How can you obtain knowledge?
- Training
- Experience
- Others
What is a database?
A shared integrated computer structure that stores data.
What two (simple) types of data can a database store?
- End-user data
- Meta data
What is meta data?
Data about the data. Think about timestamps, who modified it etc.
What is a database management system (DBMS)
- Collection of programs that manage multiple databases;
- Also manages the structure of these databases
- Think about Oracle
What is the main purpose of a DBMS?
To make data management more efficient and effective.
What are advantages of a DBMS?
- Better access to better structured data for end-users;
- Integrated view on operations;
- Reduced number of data inconsistencies due to normalization;
- Quick answers with ad-hoc queries
What are the disadvantages of a DBMS?
- Everything needs to be integrated;
- Might not be efficient with big data
What are two types of data bases?
- Transactional databases (operational)
2. Data Warehouses
What is a transactional database
- A database containing meaningful business events.

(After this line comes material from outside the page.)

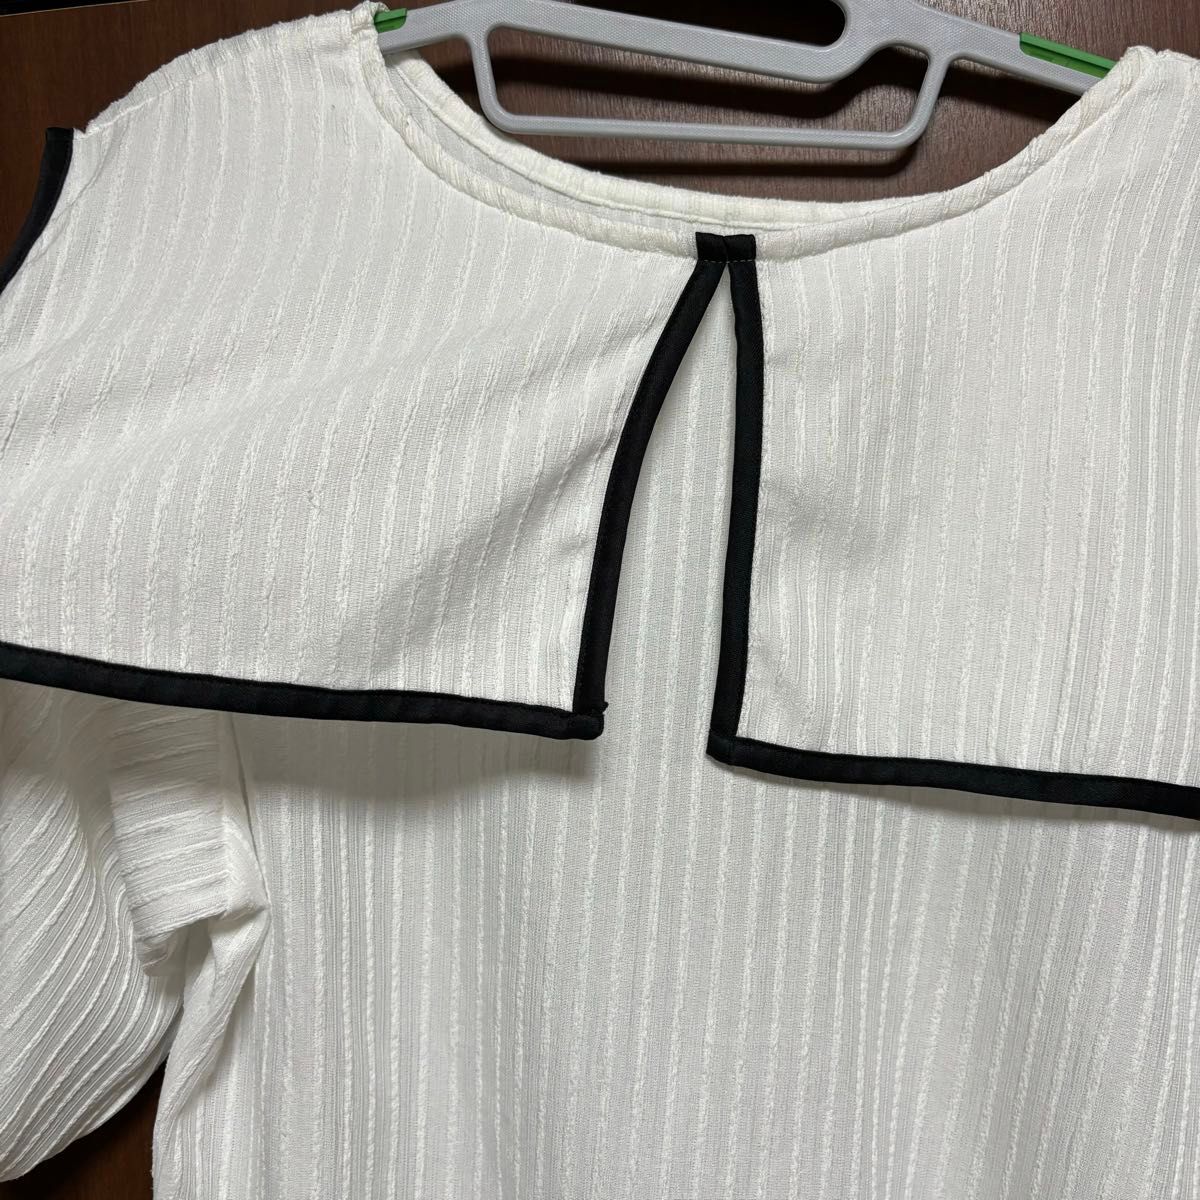 カットソー Tシャツ トップス 白 ホワイト 半袖 プルオーバー ビック衿 セーラー襟 Lサイズ

- Used to support daily business operations
- Think of SAP
What is a datawarehouse?
A database that stores data to generate information to make tactical and strategic decisions
What are the key characteristics of a data warehouse?
- Subject oriented
- Large
- Historic data
- De-normalized data
- Batch Updates
- Complex queries
What are the key characteristics of a transactional warehouse?
- Transaction oriented
- Small
- Current data
- Normalized data
- Continious updates
- Simple to complex queries
What are the main data abstraction levels?
According to the lecture there are three, only 2 discussed.
- Physical model
- Conceptual model
What is the physical model data abstraction layer?
The data as it is, as it was collected and uploaded to the database. There is no meaning to the data and it is a set of tables. This layer can be modified by the information manager without end-users knowing
What is the conceptual model data abstraction layer?
The layer if you are interested in the meaning of the data. You can get different interface screens as a end-user and you can only call up the information you are interested in. You do not see or care about how the database is structured or stored
Why is database design important?
- It defines the expected use of the database
- You can avoid redundant data
- Poor design leads to errors which leads to poor decision making
What is a relational database?
The standard in terms of database design. It is build up in one or multiple tables where there is a focus on the relations between entities to avoid data renduncies
What are the key components in a relational database?
Entity: A category or object (say: student)
Attribute: A characteristic that descrives an entity in a table (say: name, class, age)
Key attribute: Identifies by which attribute different entities are identified (say: student number)
What kind of keys are there in a relational database?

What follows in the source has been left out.